The Caretakers believed that the Ariga, Dekra’s original tenants, would someday return to claim their city. The Curatak believed that in that day they would themselves become Ariga by virtue of their loving work.

Where the Caretakers had come from was less certain, for they seemed to care nothing of their own history, only in so much as it helped them to remember Dekra’s. But the original number of a few score had grown into several hundred over the years. Outsiders still occasionally wandered to the city and stayed to embrace the work. The Curatak did not in the least discourage visitors who held nothing but honorable intentions toward them or who wished to study the ancient ways. In fact they were always more than pleased to offer the arts of the departed Ariga to any and all who asked. This they also considered their sacred duty.

Durwin had visited the city on several occasions, staying once for over three years. He had seen and learned much in the ruins and had himself helped in the restoration of one of the main buildings-a temple to the god of the Ariga. A lone god with no name.

“Do you think I will be strong enough to leave soon?” asked Quentin when they had reached the lower floor. They entered a large area which had been partitioned off into smaller rooms, but which retained an atmosphere of light and openness in what would have been a dark, solid basement in any structure he had ever encountered. Quentin, feeling winded from his walk down so many stairs, sat on a three-legged stool while Mollena stirred herself in another corner of the room. Toli, apparently, had darted off on another of his ceaseless errands.

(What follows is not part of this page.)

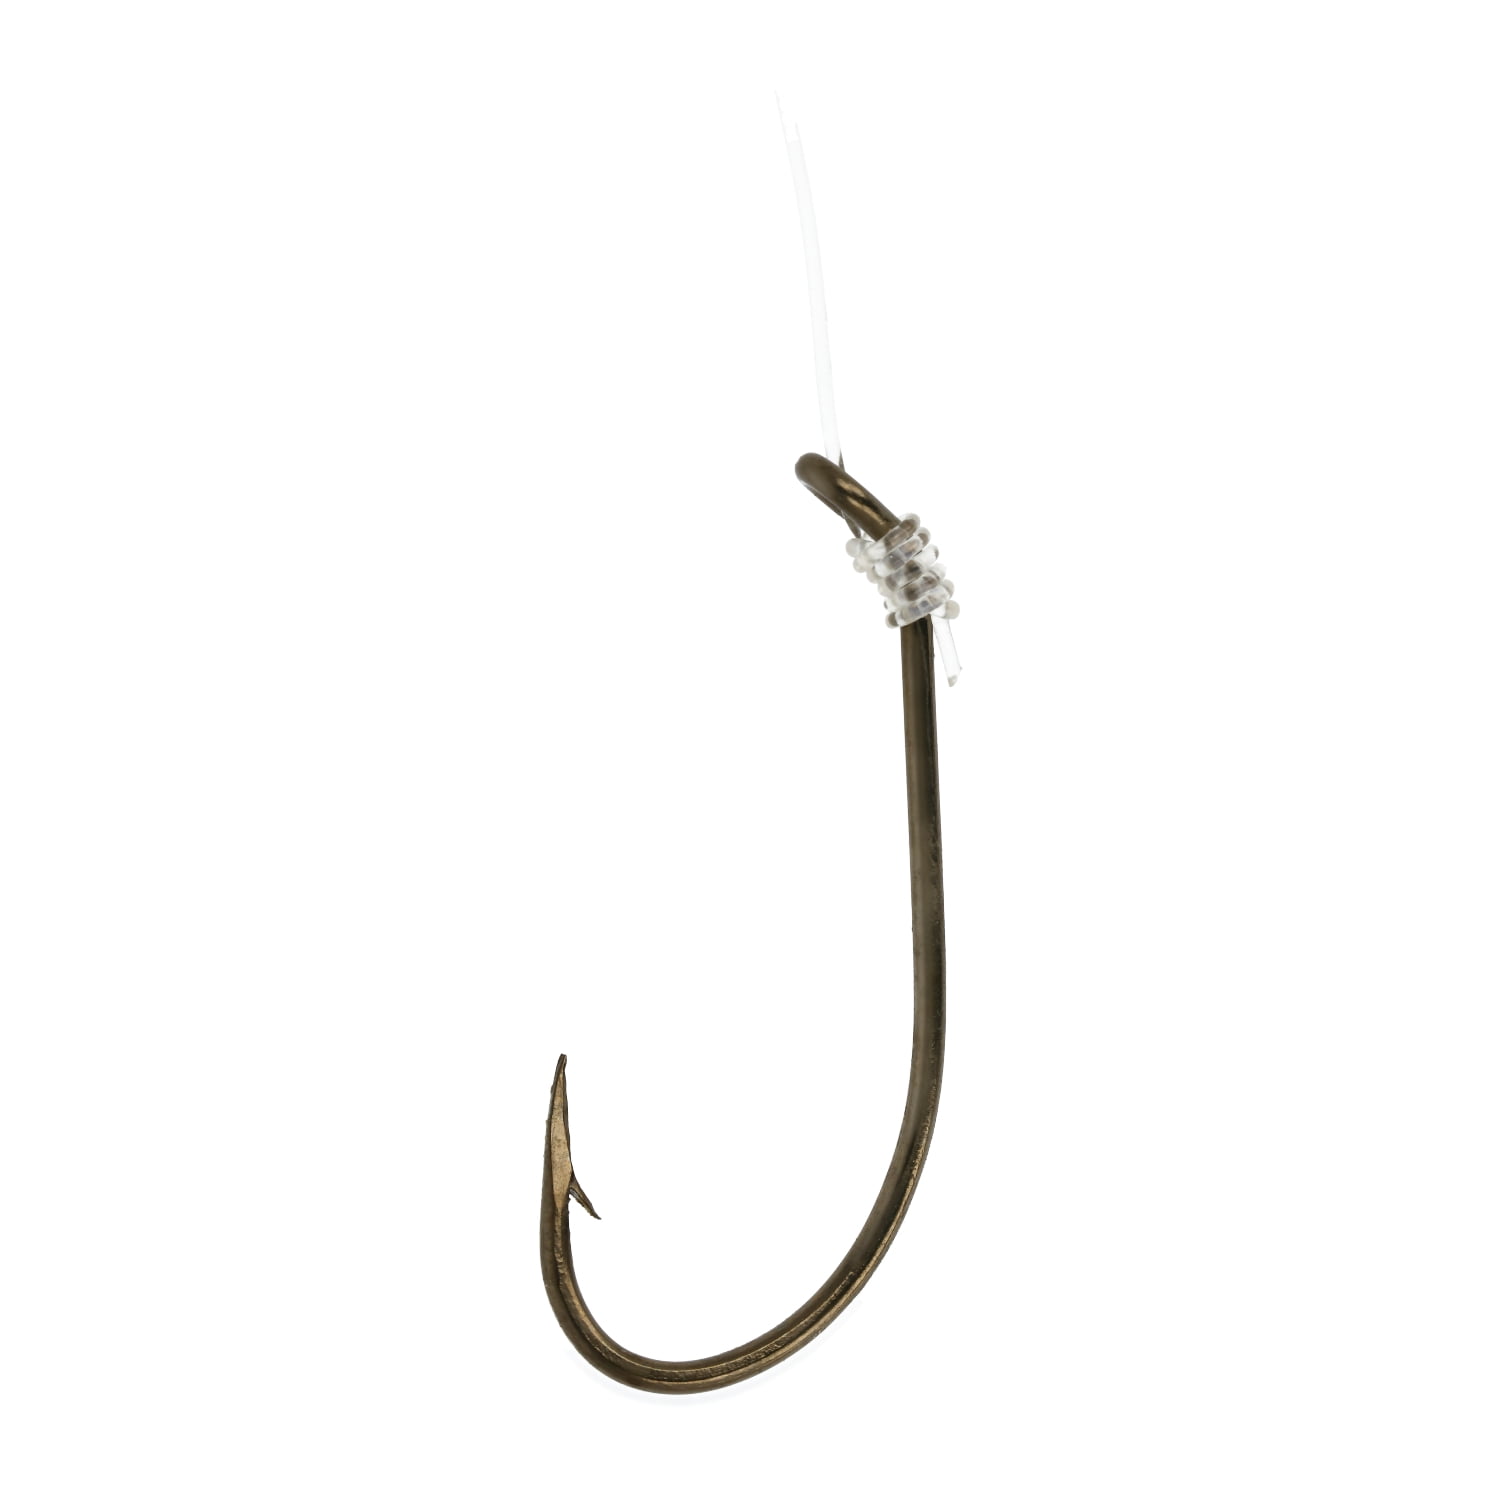 Eagle Claw 031H-8 Plain Shank Snell Fish Hook, Size 8

“Leave soon? That is up to you. You can leave when you feel you must. Or you can stay as long as you wish,” Mollena answered finally. Quentin looked at the old woman’s gray hair and wrinkled, stooped appearance. Anywhere else the woman would have been regarded as one of Orphe’s Daughters. But here she was as much a part of the natural surroundings as the strange architecture he saw and the exotic murals which lined the walls of nearly every building. And there was something in her spirit which made her seem as young and alive as any maid he had ever seen (although for Quentin, those were few indeed).

Quentin always had the impression that Mollena was refraining from telling him too much; that she knew more than she would bear him to hear. And not only Mollena-all the others he had met in the past few days spoke in the same cryptic way.

“Would you teach me something?” he asked, after watching her busy herself with preparing some small morsel for him. She turned to eye him with a long, sideway glance, her head held to one side as if weighing her decision.

“There are a few things I might teach you, though there are others far more learned than I. What would you learn?” she asked.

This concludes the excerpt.